5. Implementation Details

Data model: Matchms operates on
```
Spectrum
```
objects containing peak m/z and intensity arrays plus metadata (e.g., precursor m/z, charge, compound name/identifier).
Filtering stage: Typical pipelines apply filters to:
- standardize/repair metadata fields,
- remove noise peaks (e.g., by intensity threshold or m/z window rules),
- normalize intensities (commonly to a maximum of 1.0 or to unit norm). See
```
references/filtering.md
```
  for filter patterns and recommended sequences.
Cosine similarity (Greedy/Hungarian):
- Peaks are matched within an m/z tolerance (implementation-specific defaults; configure via the similarity class parameters).
- Greedy matching selects best available peak matches iteratively.
- Hungarian matching solves an assignment problem to maximize total match score under one-to-one constraints.
Modified Cosine:
- Extends cosine matching by allowing peak alignment with a precursor mass shift, improving matching for related compounds/adducts.

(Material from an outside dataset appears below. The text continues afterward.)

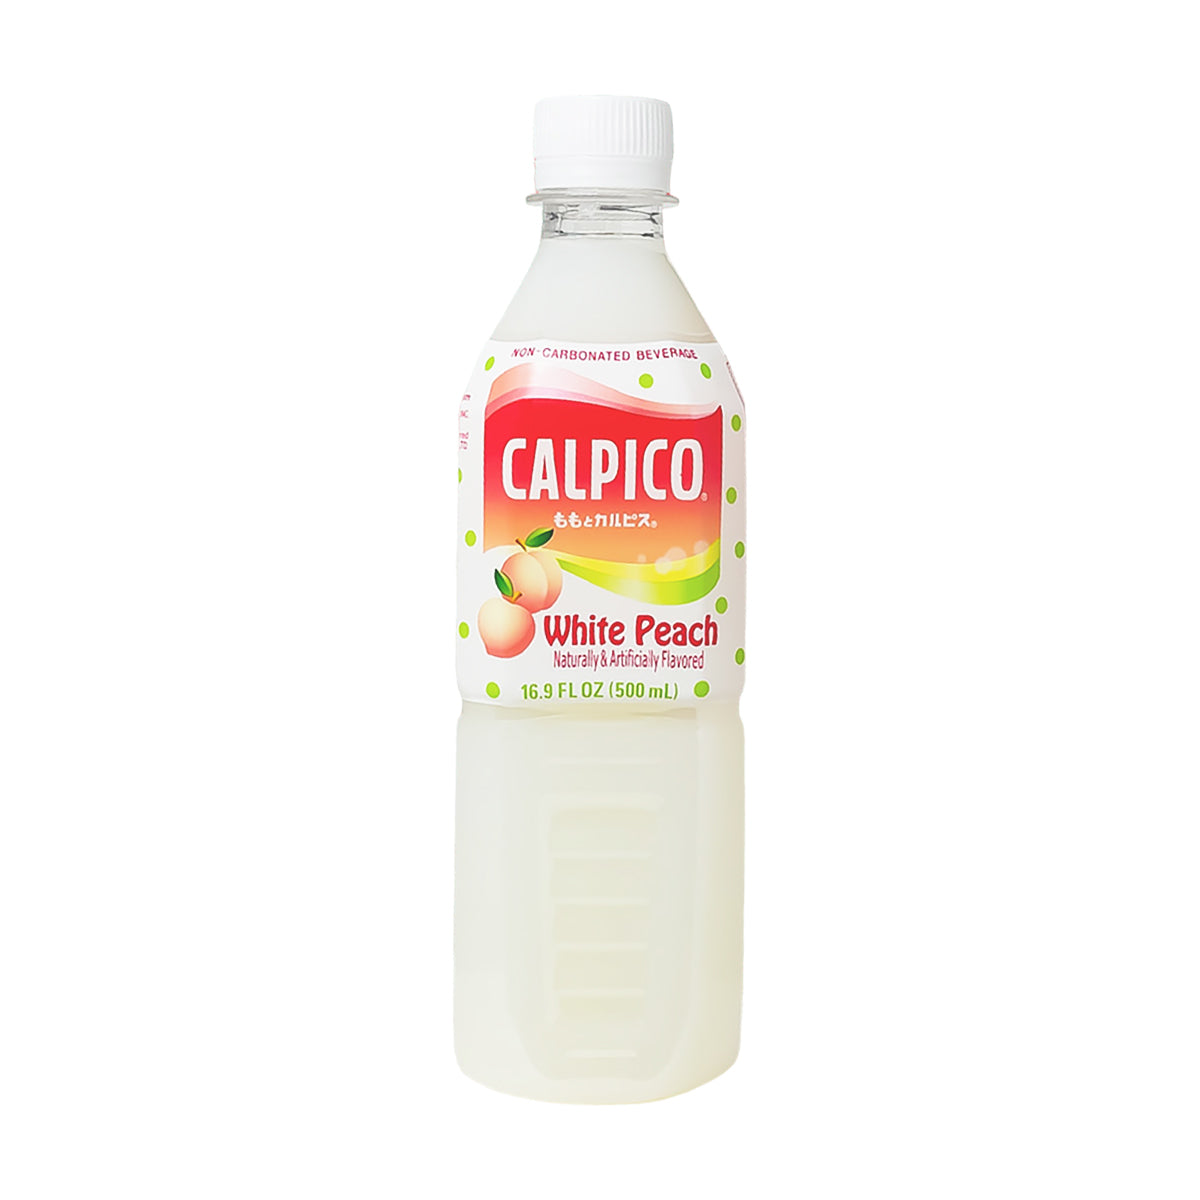 calpico white peach non-carbonated soft drink - 500ml
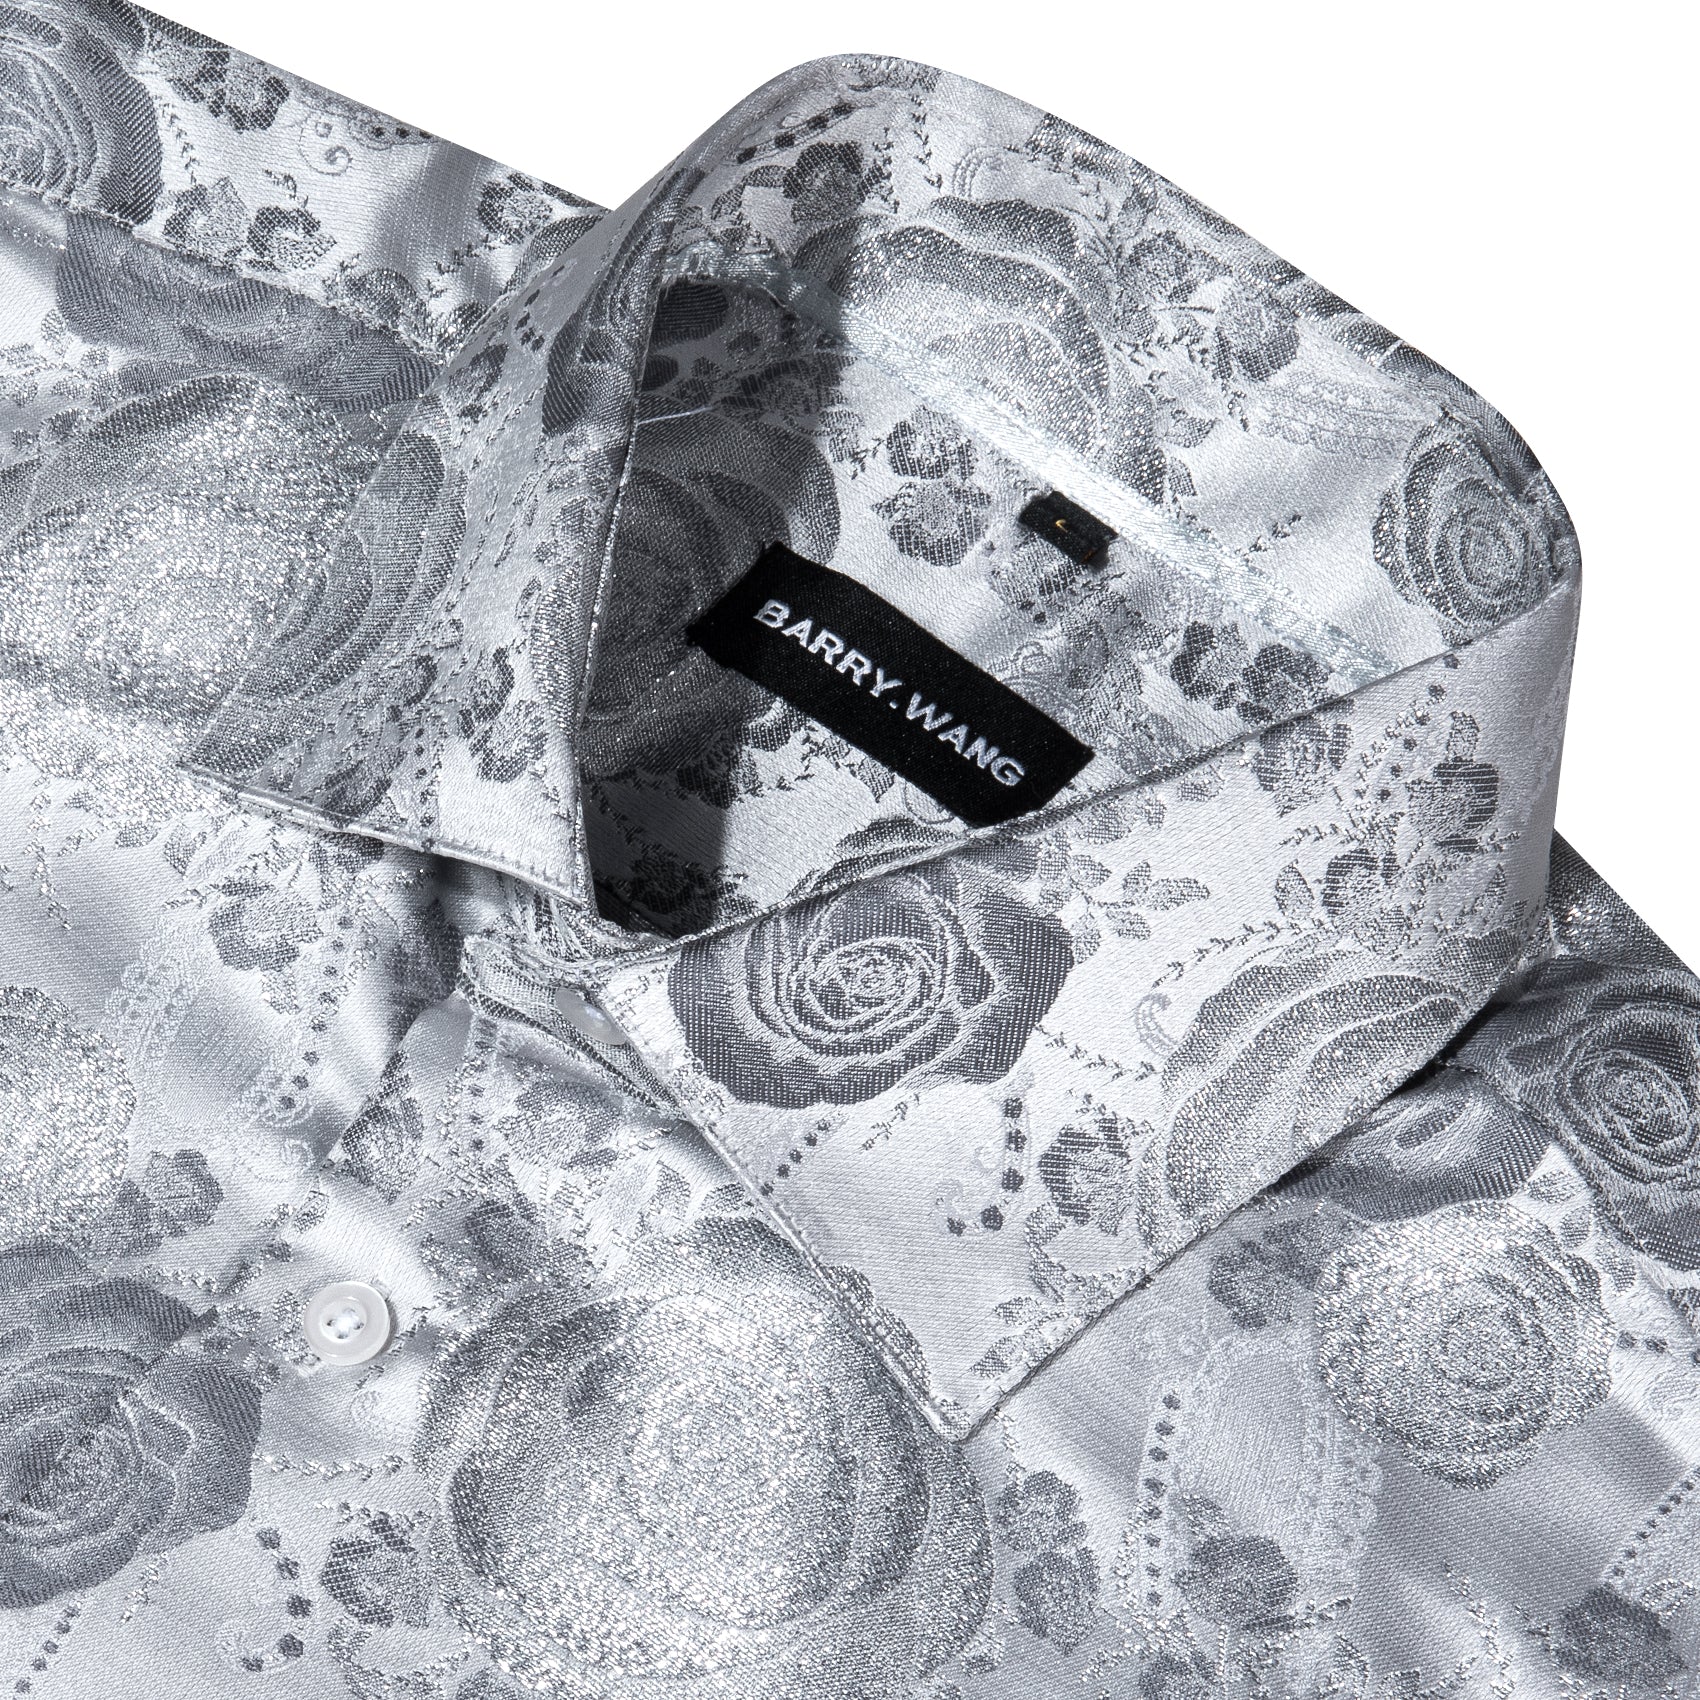 Barry.wang Button Down Shirt Silver Flower Men's Silk Long Sleeve Shirt New Fashion

- Typically requires precursor m/z metadata to be present and consistent.
Fingerprint similarity (optional):
- Requires molecular fingerprints (often derived via RDKit) and compares spectra/compounds using fingerprint similarity metrics.
- Use when you have structure annotations or can compute fingerprints reliably.
Workflow reproducibility:
- Prefer explicit, ordered filter chains and pinned dependency versions.
- Store configuration (tolerances, normalization choices, filters used) alongside results for traceability. See
```
references/workflows.md
```
  for pipeline organization guidance.